Ce qui caractérise le plus ces individus, c’est l’idée que l’on n’est pas condamné à subir et qu’on peut changer les choses, qu’on peut avoir une capacité d’agir. Ils sont très conscients de l’état du monde mais ils affirment spontanément: leur ouverture aux autres, notamment en exprimant que l’immigration est une source d’enrichissement culturel, qu’il n’y a pas "trop d’immigrés" en Belgique, qu’il ne faut pas la préférence nationale en matière d’emploi, qu’il n’ y a pas trop d’assistés. Ils ne sont pas du tout dans la paranoïa antimusulmane. Leur ouverture au monde est une réalité, par exemple en rejetant radicalement l’idée de rétablir des frontières entre les pays européens, en disant que la société leur permet de montrer ce dont ils sont capables, en affirmant que la Sécurité sociale protègent encore les citoyens même s’ils expriment une défiance globale à l’égard de toutes les institutions. Ils sont conscients des dominations multiples que divers pouvoirs (financiers, économiques, politiques, etc.) exercent sur les individus. Leur vécu est celui d’acteurs qui, au nom d’un droit universel, celui du droit à la dignité, se battent contre toutes les dominations. C’est à travers ces combats au sein de la société civile qu’ils ont une capacité d’agir. Ce sont des mouvements ethico-démocratiques et non pas politiciens.

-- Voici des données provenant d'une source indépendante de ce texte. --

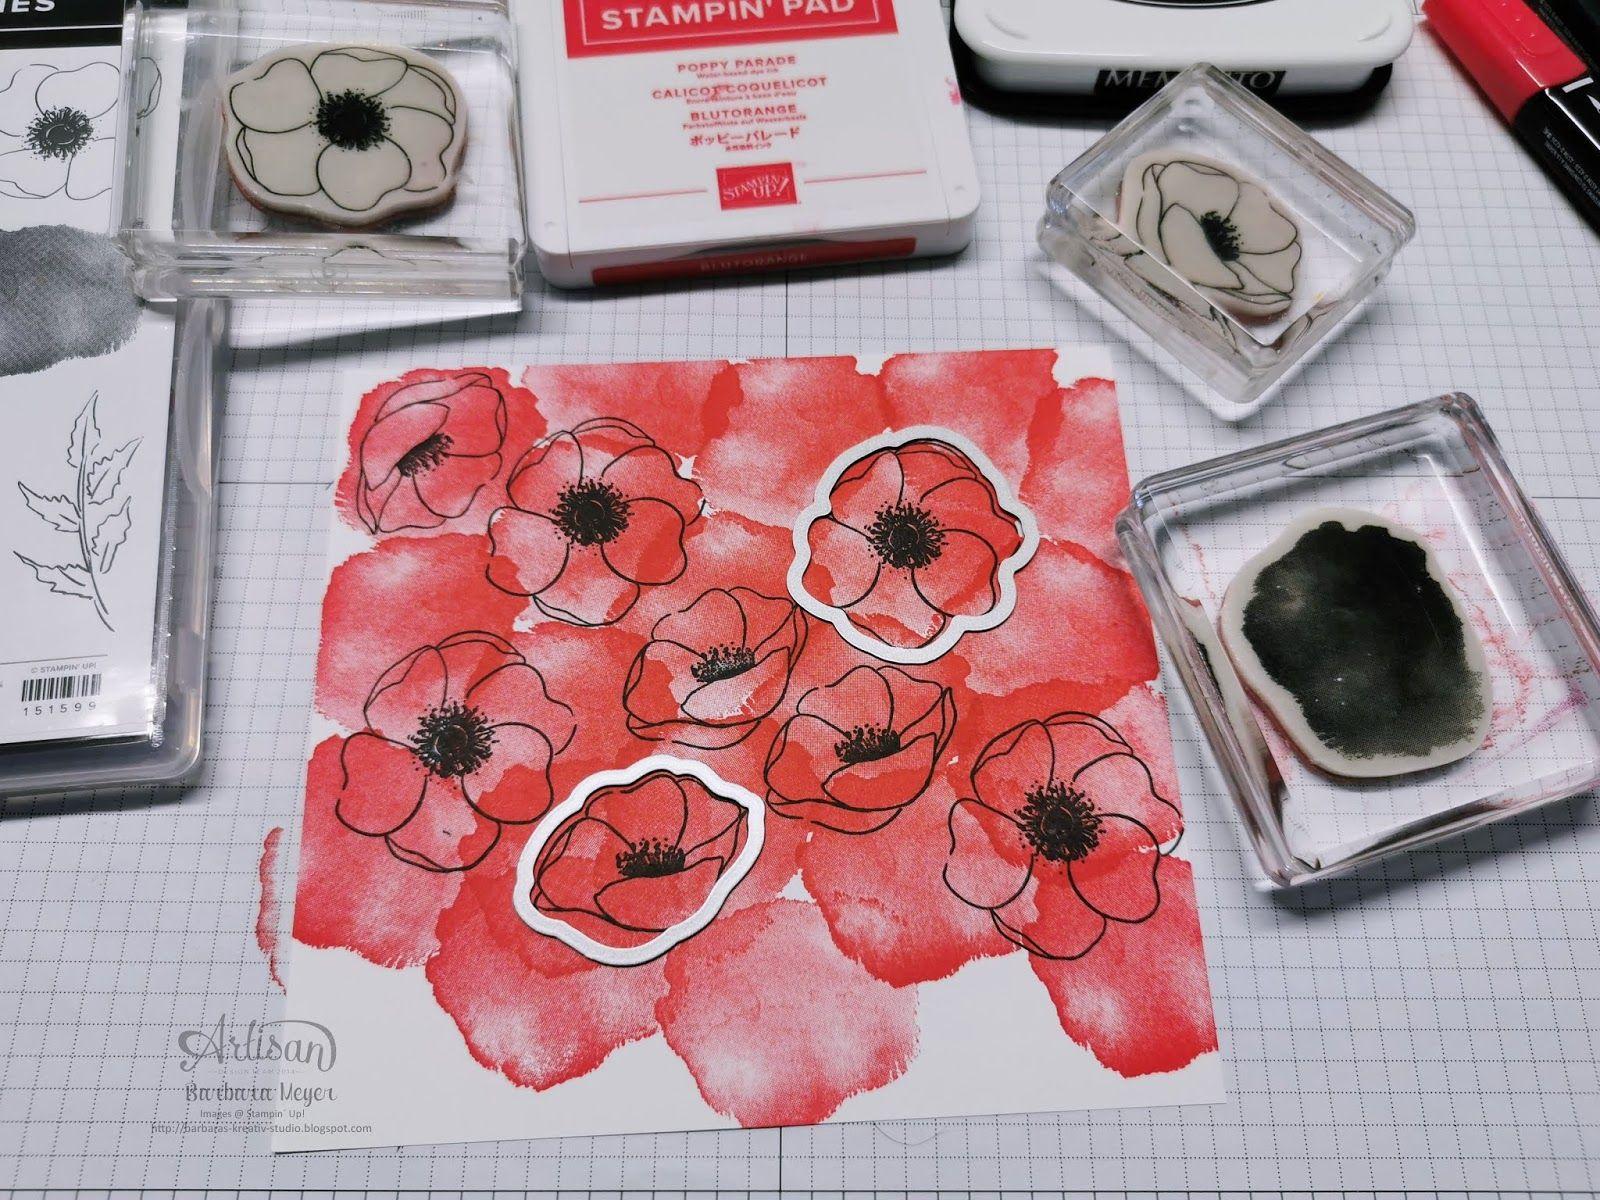 Https 1 Bp Blogspot Com Rhcquhlkyvw Xh72qupahsi Aaaaaaaateu Dukzaxszfwwwlpakqmes02ap Honrlqoqclcbgasyhq S1600 Img 20200108 1 In 2020 Poppy Flower Stampin Up Poppies

Bien sûr, dans la rue, vous ne croiserez pas un individu qui répond à tous les aspects d'un seul groupe, rien n'est figé. Mais ces catégories donnent indéniablement une tendance de fond sur la société belge en 2017.

 

La Méthodologie

50 entretiens en face à face avec des chercheurs de Survey and Action pour dégager les thèmes du questionnaire. Une première vague d’enquête du 15 septembre au 30 octobre  2015 avec 2344 personnes interrogées, une seconde du 20 août au 20 septembre 2016, 2390 personnes. 4734 entretiens au total, marge d'erreur de 2%.